We are given that the first term $u_1 = 1$, and the common ratio is $r$. Additionally, we have two pieces of information about the partial sums of the geometric sequence:

• $S_2 = 20$ (the sum of the first two terms),
• $S_4 = 200$ (the sum of the first four terms).

Step 1: Express the sums

The sum of the first $n$ terms of a geometric sequence is given by the formula: $S_n = u_1 \frac{1 - r^n}{1 - r}$ where $u_1$ is the first term, and $r$ is the common ratio.
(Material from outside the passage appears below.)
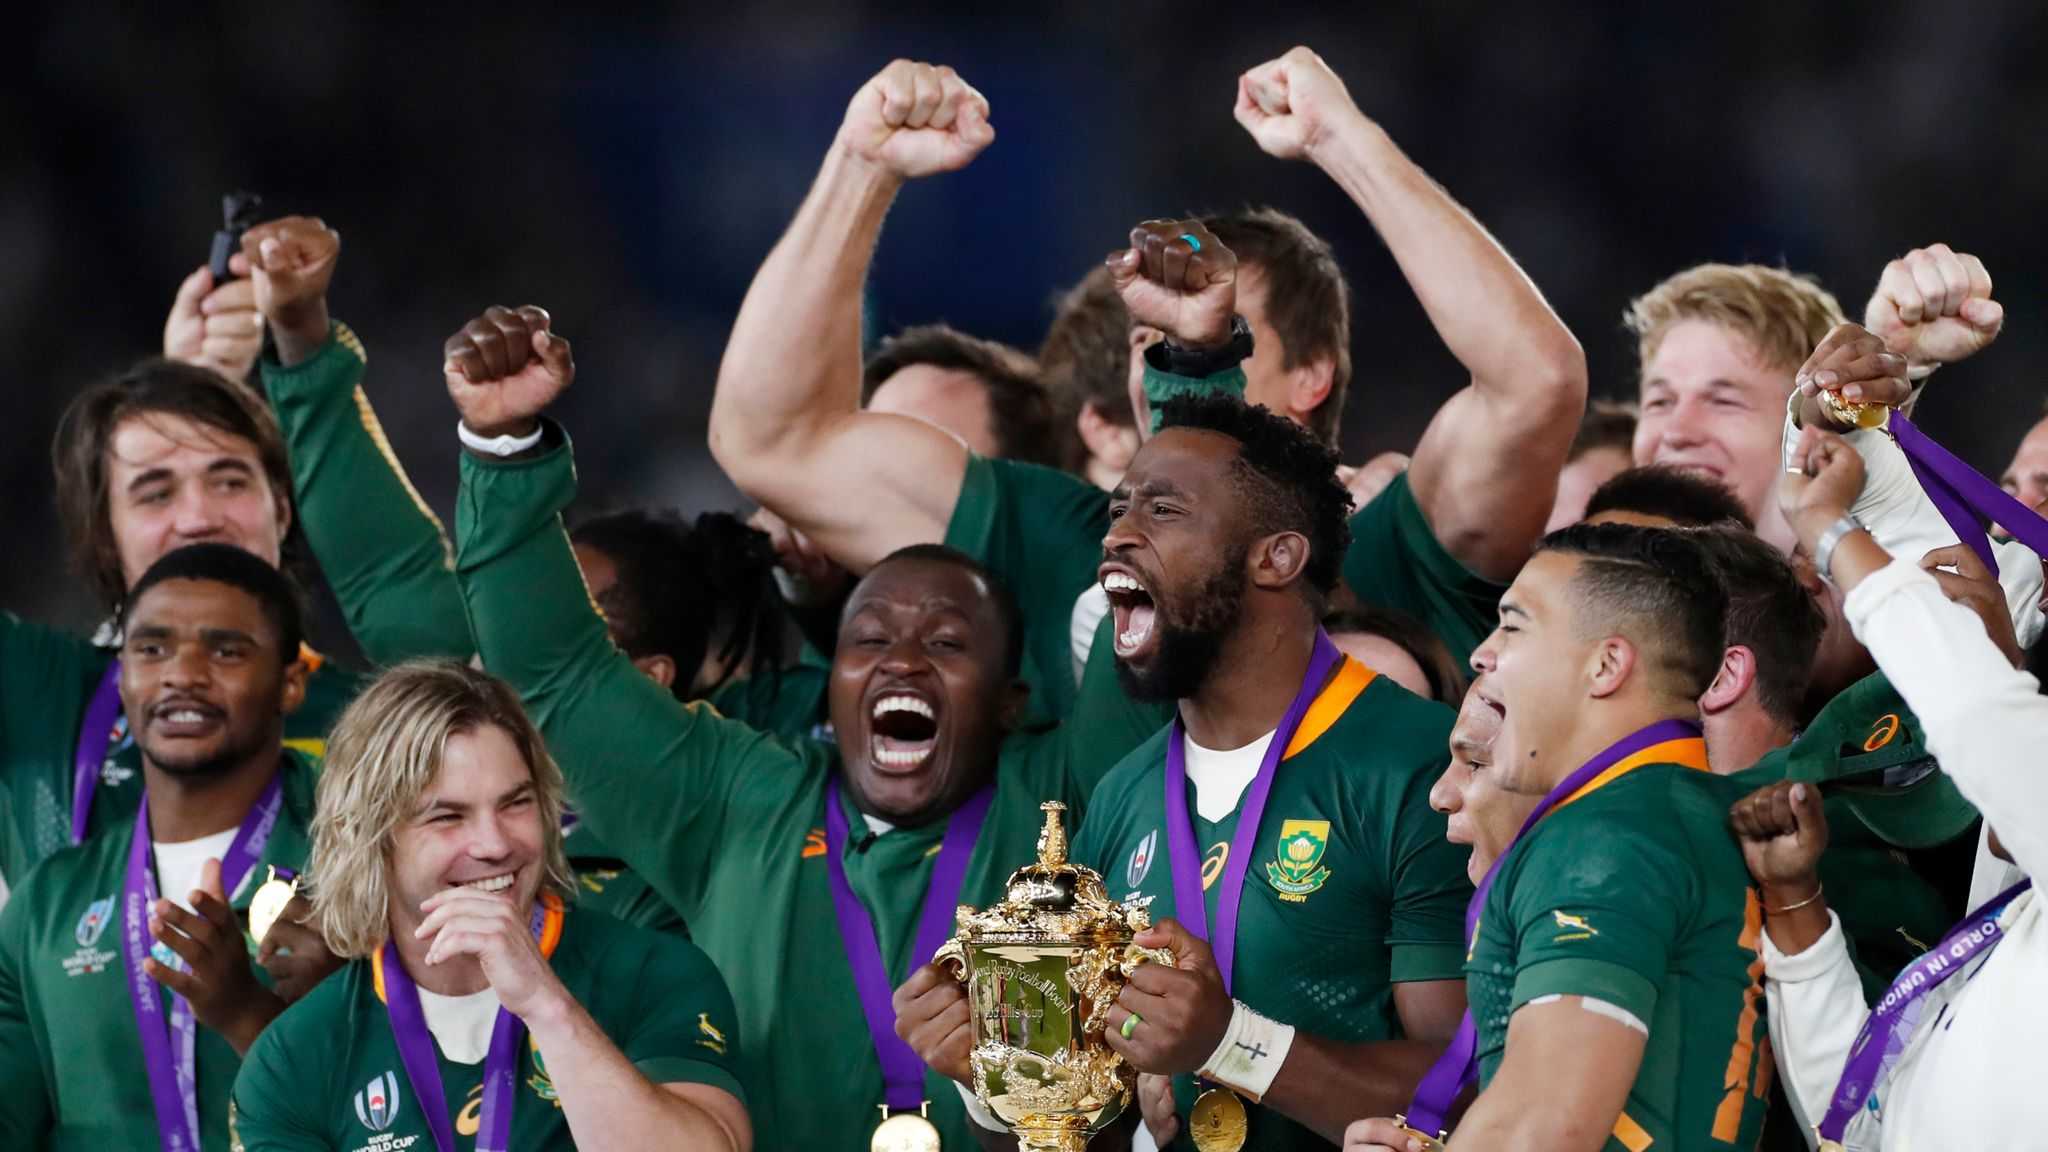 Rugby World Cup final Heartbreak for England as South Africa win 3212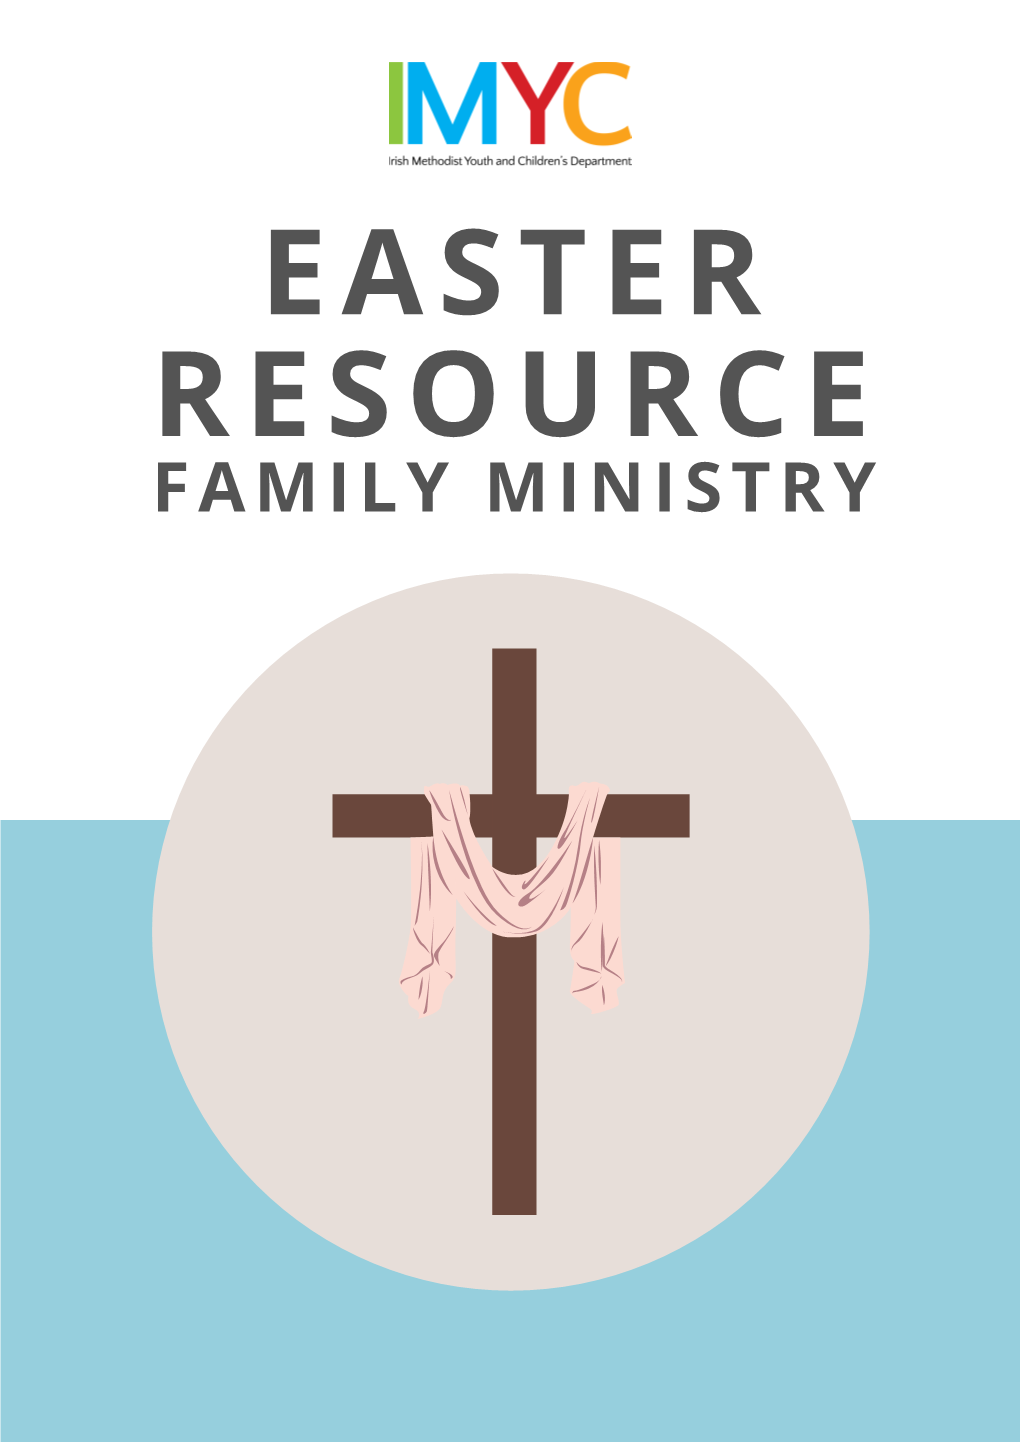 Copy of EASTER RESOURCE

Since $u_1 = 1$, the formula simplifies to: $S_n = \frac{1 - r^n}{1 - r}$

Now, let's use this formula for the given sums.

Step 2: Use $S_2 = 20$

For $S_2 = 20$: $S_2 = \frac{1 - r^2}{1 - r} = 20$

Step 3: Use $S_4 = 200$

For $S_4 = 200$: $S_4 = \frac{1 - r^4}{1 - r} = 200$

Step 4: Solve the system of equations

We now have two equations:

1. $\frac{1 - r^2}{1 - r} = 20$
2. $\frac{1 - r^4}{1 - r} = 200$

We can solve this system of equations to find the value of $r$. Let’s simplify and solve this system.It seems there were no solutions directly found from the two equations. This suggests that there might be specific constraints on the value of $r$ or an alternative method to solve this system could be better.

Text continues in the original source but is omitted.